Да нет, не думаю. А если и так, то она выжила из ума по-другому, чем это обычно бывает у стариков. И я говорю это не для того, чтобы в суде не могли оспорить завещание, мне на это наплевать, я хочу только выпутаться из этой дряни, в которую она меня засунула. Но я скажу вам, что там, наверху, у нее не было совсем уж пусто, даже в конце.

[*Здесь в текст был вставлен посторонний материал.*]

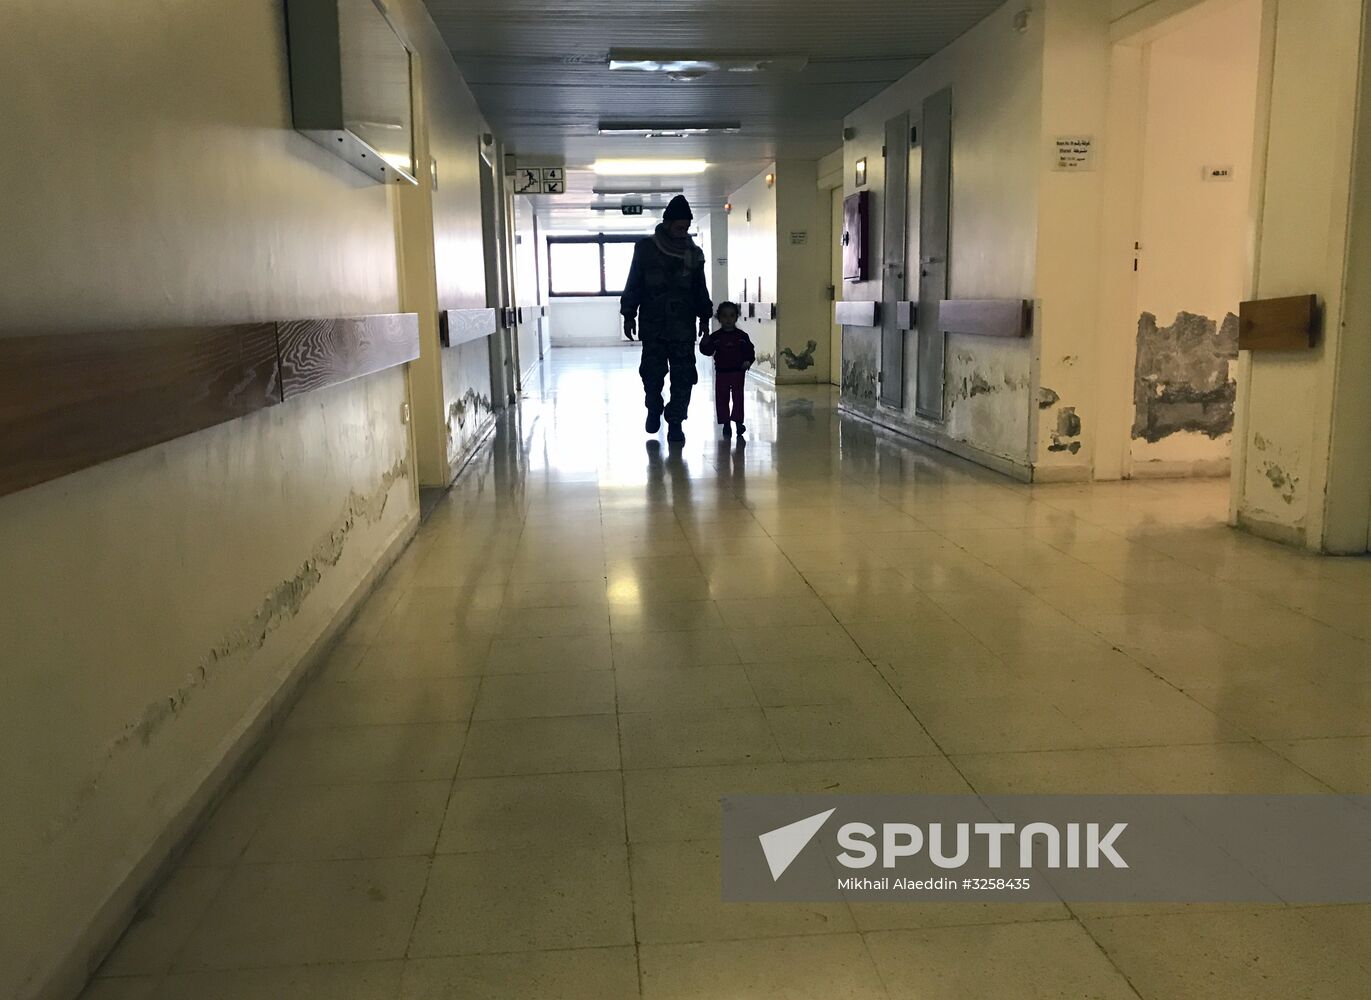 Children's unit of Tishreen Hospital in Latakia, Syria

Я думаю так прежде всего потому, что иногда она становилась прежней. Обычно это случалось в те дни, когда она лучше видела. Тогда, вместо того, чтобы валяться в постели, как мешок с зерном, она с моей помощью садилась или перебиралась в кресло, пока я меняла ей постель. Я подвозила ее к окну, откуда были видны задний двор и гавань за ним. Однажды она сказала мне, что точно сойдет с ума, если весь день будет лежать в кровати и видеть только потолок и стены, и я ей поверила.
Конечно, у нее были плохие дни, когда она не помнила, кто я, и почти не помнила даже, кто она сама. В такие дни она была похожа на лодку, потерявшуюся в море, только морем этим было время: она могла утром думать, что сейчас 1947-й, а днем — что 1974-й. Но бывали и хорошие дни. Их стало меньше, когда у нее участились эти небольшие приступы-припадки, как говорили раньше, но они еще случались. И ее хорошие дни часто становились для меня плохими, потому что она вспоминала все свои старые штучки.
Она была вредной. Это был второй способ выражения ее стервозности. Когда эта женщина хотела, она могла быть вредной, как кошачье дерьмо. Даже лежа целыми днями в постели, беспомощная, как младенец. То, что она вытворяла в дни уборки, хорошо это показывает. Она делала это не каждую неделю, но говорю вам, это не могло быть простым совпадением.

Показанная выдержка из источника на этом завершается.